U.S. Army Corps of Engineers, St. Paul District
Published May 10, 2024
Two men stand outside at a construction site.

Noah Ward (left), contracting officer representative, and Sanjay Bimali (right), civil engineer, stand at the red River Structure in Fargo, North Dakota, April 18.

A large construction site.

USACE contractors deliver the skin plate, one piece of a Tainter gate, to the Red River structure in Fargo, North Dakota, April 18, 2024.

A large skin plate at a construction site.

USACE contractors deliver the skin plate, one piece of a Tainter gate, to the Red River structure in Fargo, North Dakota, April 18, 2024.

The U.S. Army Corps of Engineers, St.
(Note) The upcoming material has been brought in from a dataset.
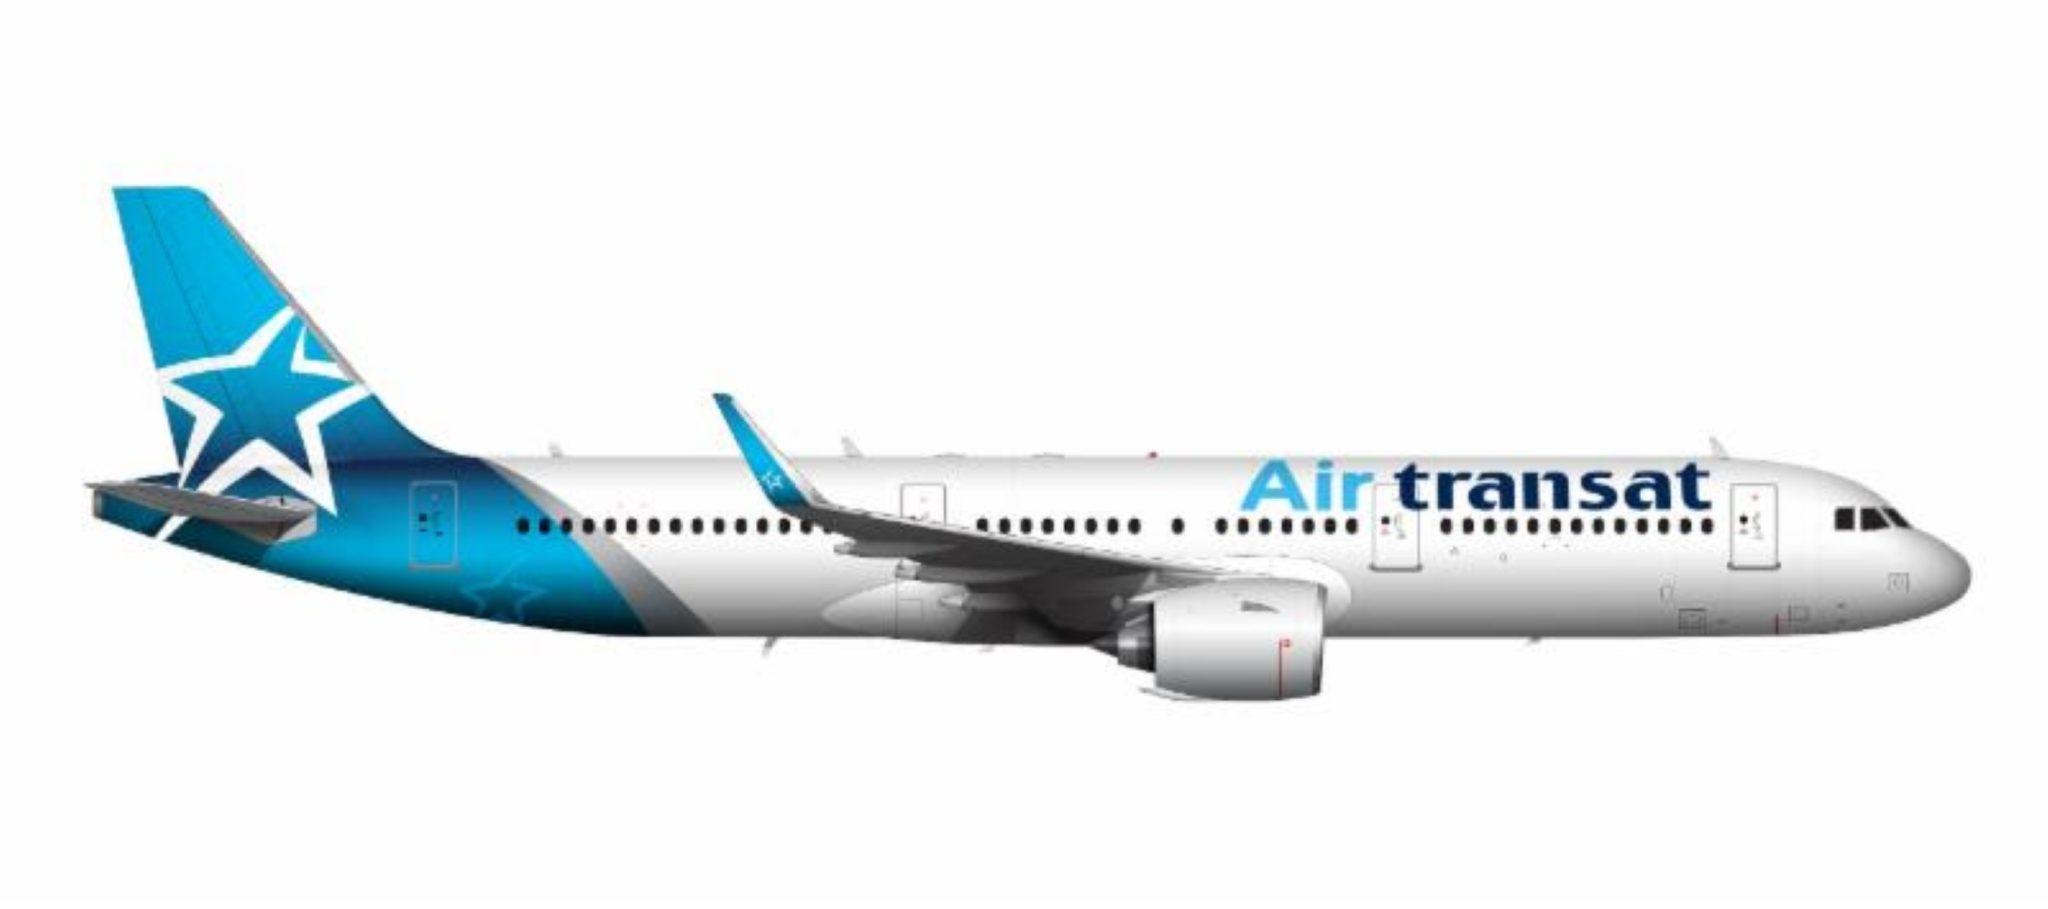 Press Release Bluebox Wow Flexes On Air Transat Runway Girlrunway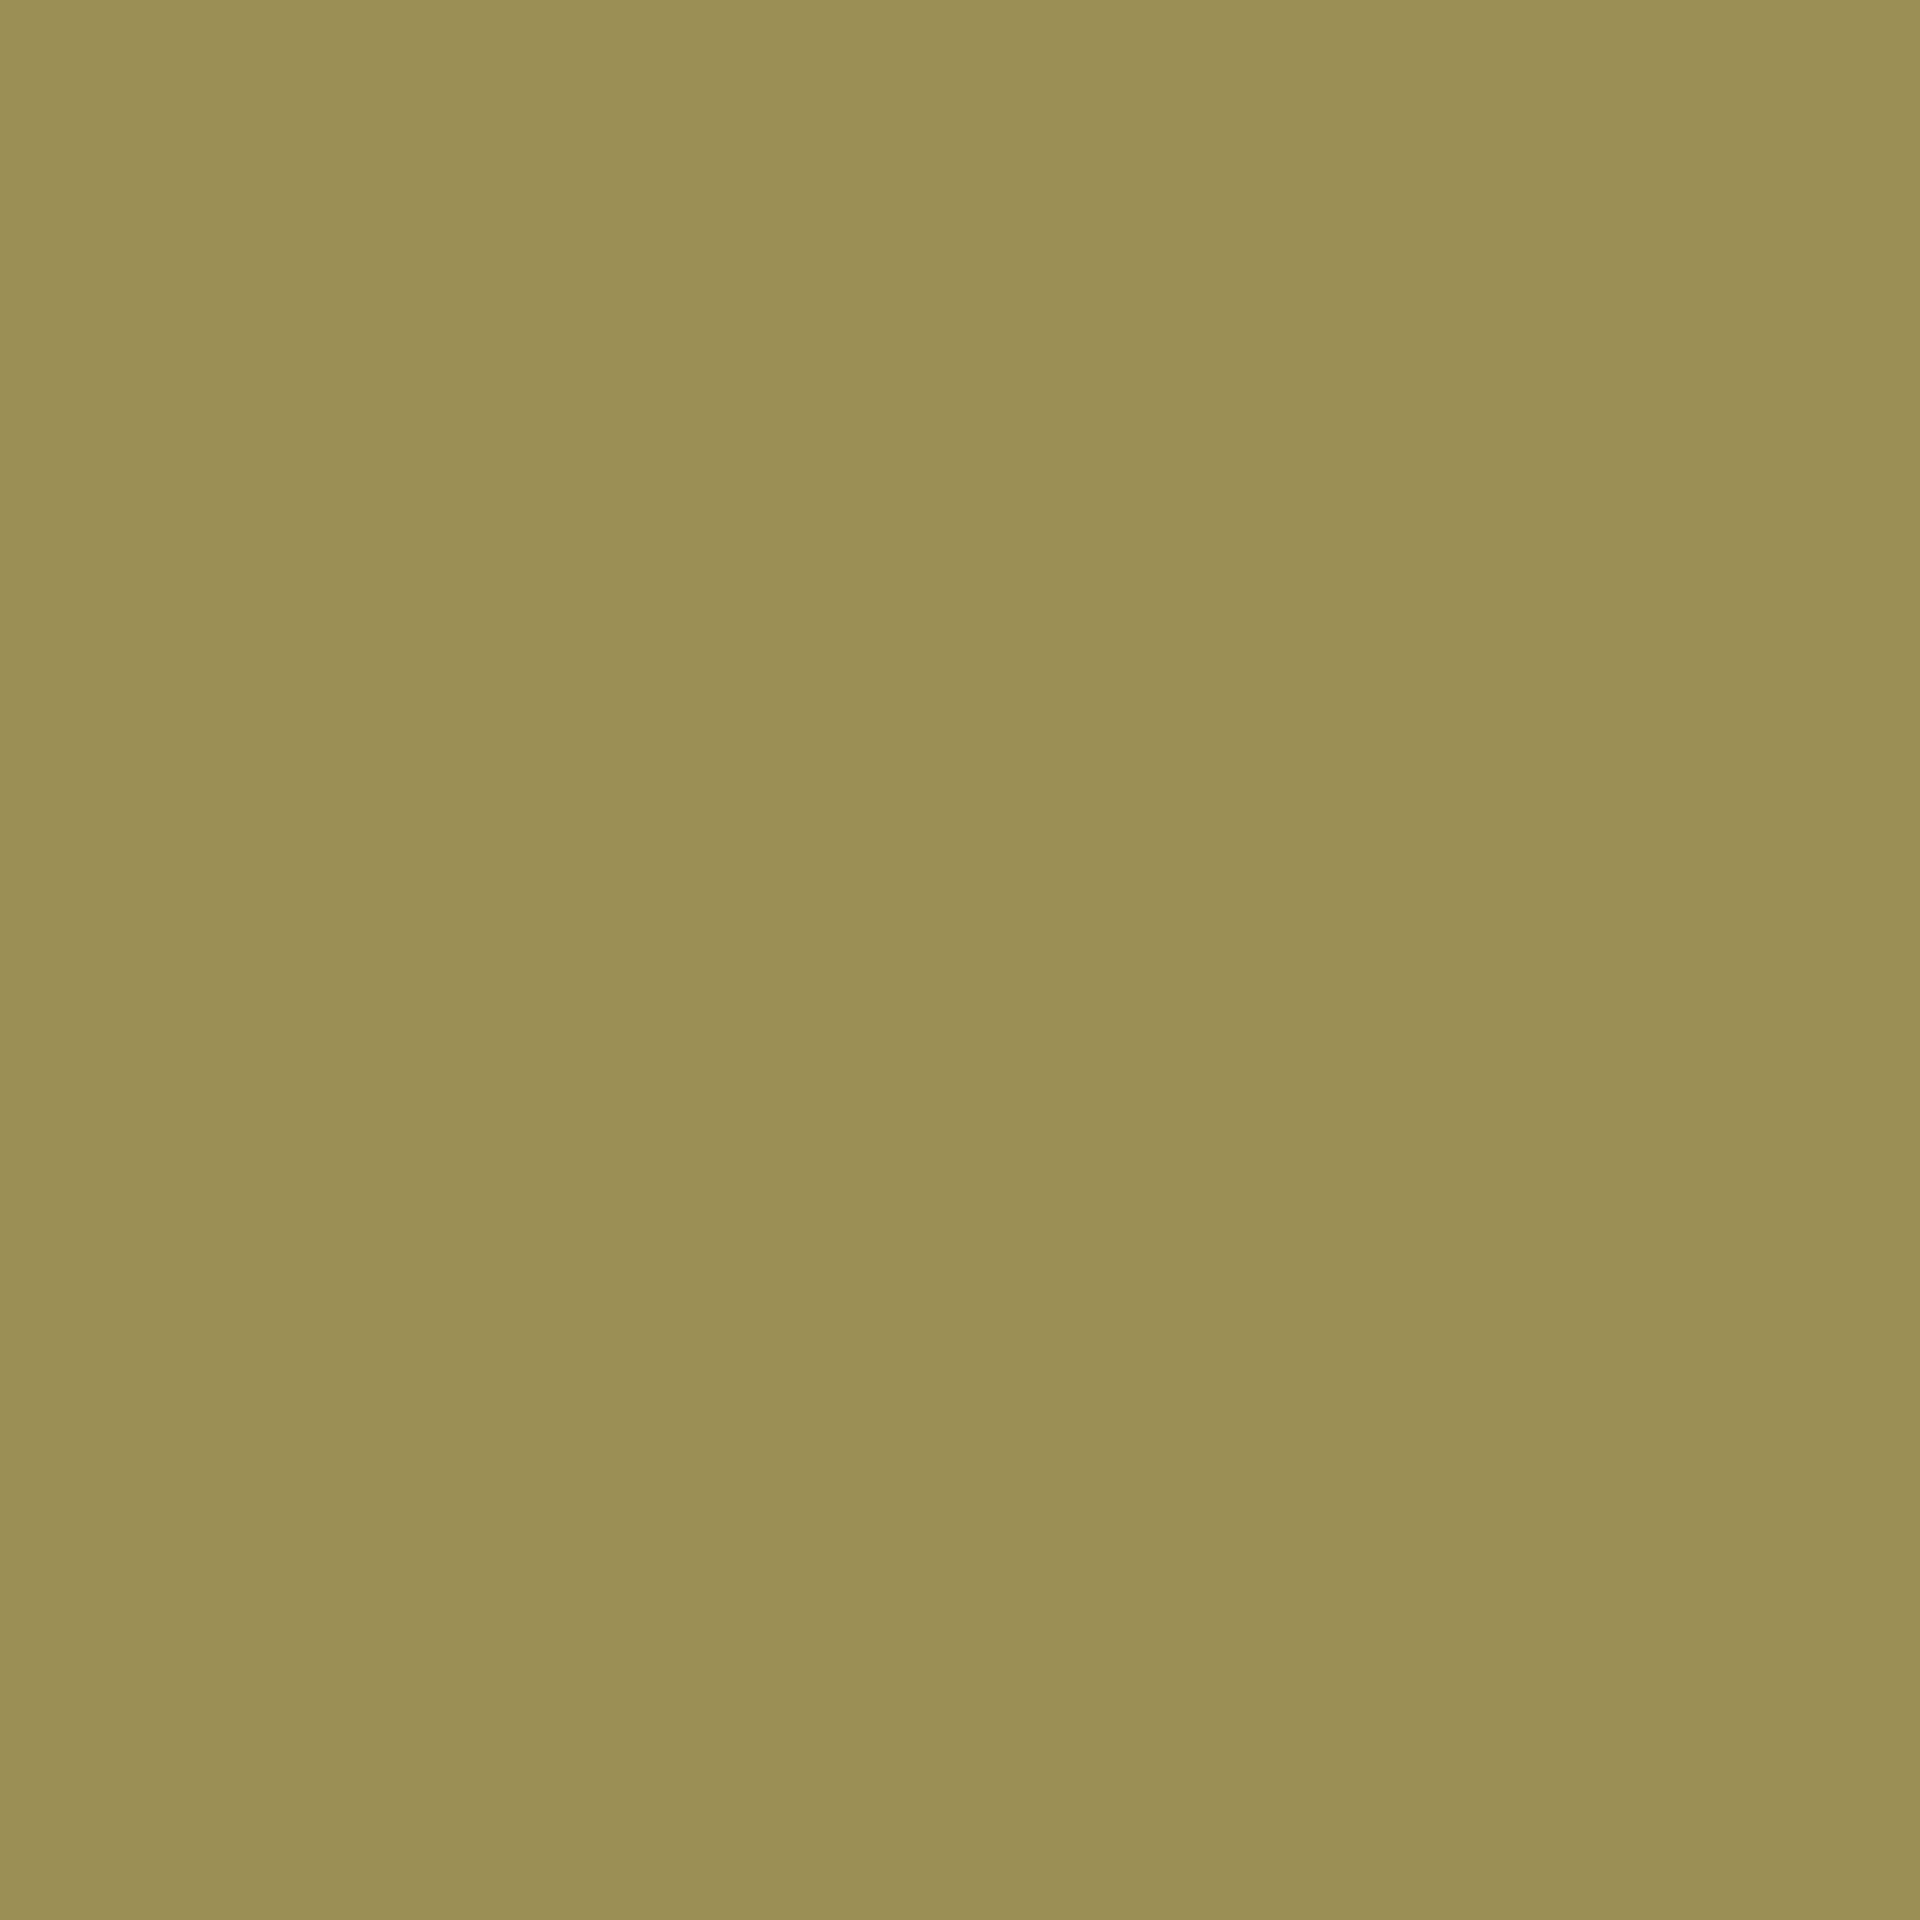 wallpaper,dark,khaki,color,background,plain,simple,dark khaki

Paul District, and its contractors continue to make strides in construction on the Red River structure, seven miles south of Fargo, North Dakota, and Moorhead, Minnesota, on the Red River of the North.

Twenty seven thousand pound skin plates, a part of the Tainter gate structure, arrived at the project site April 11 and 18. All the Tainter gate parts will arrive via nine semi-trucks and then assembled into a 50-foot by 50-foot gate. The gates are manufactured by G&G Steel plant, in Russellville and 
Cordova, Alabama.

“This is another milestone for the Red River structure,” said Sanjay Bimali, St. Paul District Western Area Office contracting officer representative. “The shipment of pieces began in April. In May, a contractor will join the nine pieces together to create one gate.” There will be a total of two gates at the control structure. Water will be diverted through the structure in 2025. 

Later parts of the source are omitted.